Let’s review a new model looking at climate change risk instead of certainty. The independent variables, and interaction, remain the same:
##
## Call:
## lm(formula = glbcc_risk ~ ideol * f.gender + education + income +
## age, data = ds.sub)
##
## Residuals:
## Min 1Q Median 3Q Max
## -8.7769 -1.7061 0.1519 1.4476 6.9480
##
## Coefficients:
## Estimate Std. Error t value Pr(>|t|)
## (Intercept) 10.5560045389 0.3360457021 31.412 < 0.0000000000000002
## ideol -0.9650733858 0.0399418696 -24.162 < 0.0000000000000002
## f.genderMen 0.5460952632 0.3041172923 1.796 0.07269
## education 0.0717394671 0.0305916851 2.345 0.01911
## income -0.0000023174 0.0000009197 -2.520 0.01182
## age -0.0029354676 0.0037451591 -0.784 0.43324
## ideol:f.genderMen -0.1677538955 0.0609136332 -2.754 0.00594
##
## (Intercept) ***
## ideol ***
## f.genderMen .
## education *
## income *
## age
## ideol:f.genderMen **
## ---
## Signif. codes: 0 '***' 0.001 '**' 0.01 '*' 0.05 '.' 0.1 ' ' 1
##
## Residual standard error: 2.422 on 2166 degrees of freedom
## Multiple R-squared: 0.3687, Adjusted R-squared: 0.3669
## F-statistic: 210.8 on 6 and 2166 DF, p-value: < 0.00000000000000022
As would be expected, ideology, education and income also exert statistically significant influence. Further, the interaction of ideology and gender is also statistically significant. To interpret these results, we would say that there is an interaction (ideology affects perceived climate change risk as a function of gender). We also know that the slope of the lines is negative. Often times the most intuitive way to understand interactions is to make predictions and visualize them.

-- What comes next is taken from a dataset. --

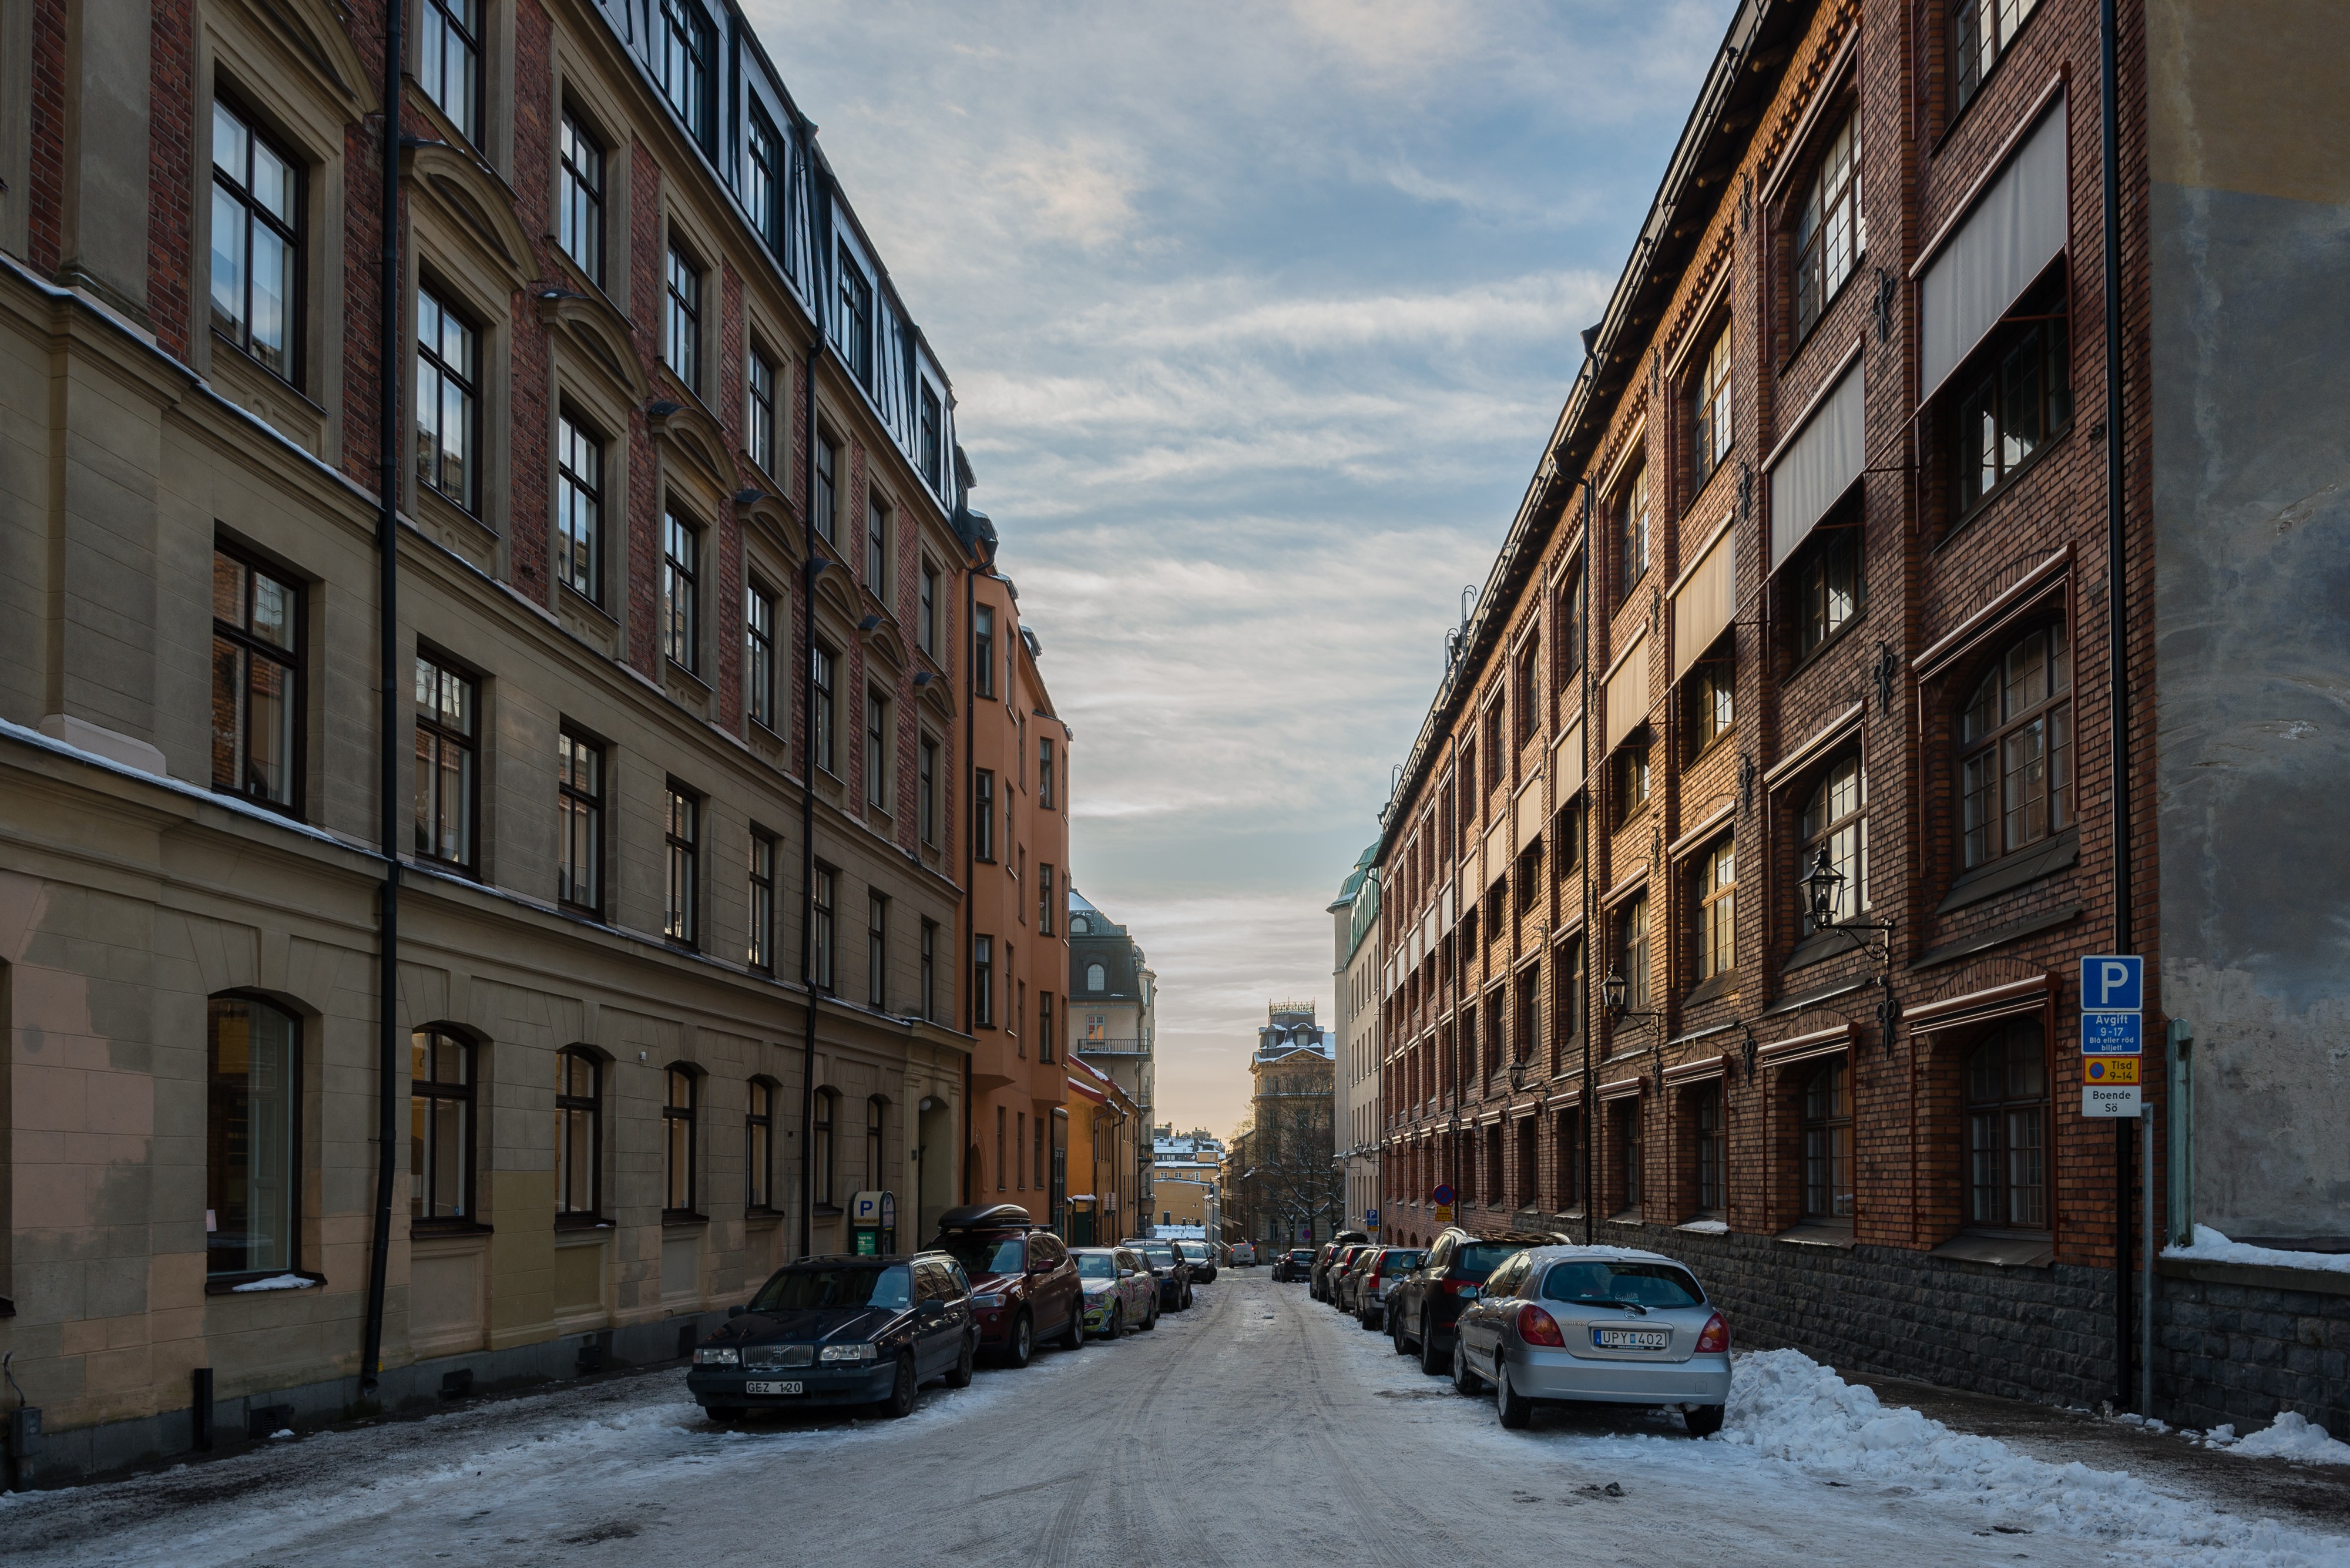 Svartensgatan February 2015

Visualizing an interaction effect when the interaction term is binary is rather simple. There are two possible lines, when z=0 and when z=1, in this case when the gender is female or male. This makes the visualizing process similar to the first visualization, with the dummy variable:
lm5 %>%
augment(newdata = data.frame(ideol = 1:7,
f.gender = "Men",
education = mean(ds.sub$education),
income = mean(ds.sub$income),
age = mean(ds.sub$age))) -> fit5.m
lm5 %>%
augment(newdata = data.frame(ideol = 1:7,
f.gender = "Women",
education = mean(ds.sub$education),
income = mean(ds.sub$income),
age = mean(ds.sub$age))) -> fit5.w
full_join(fit5.m, fit5.w) %>%
mutate(upper = .fitted + 1.96 * .se.fit,
lower = .fitted - 1.96 * .se.fit) -> fit5.df
## Joining, by = c("ideol", "f.gender", "education", "income", "age", ".fitted", ".se.fit")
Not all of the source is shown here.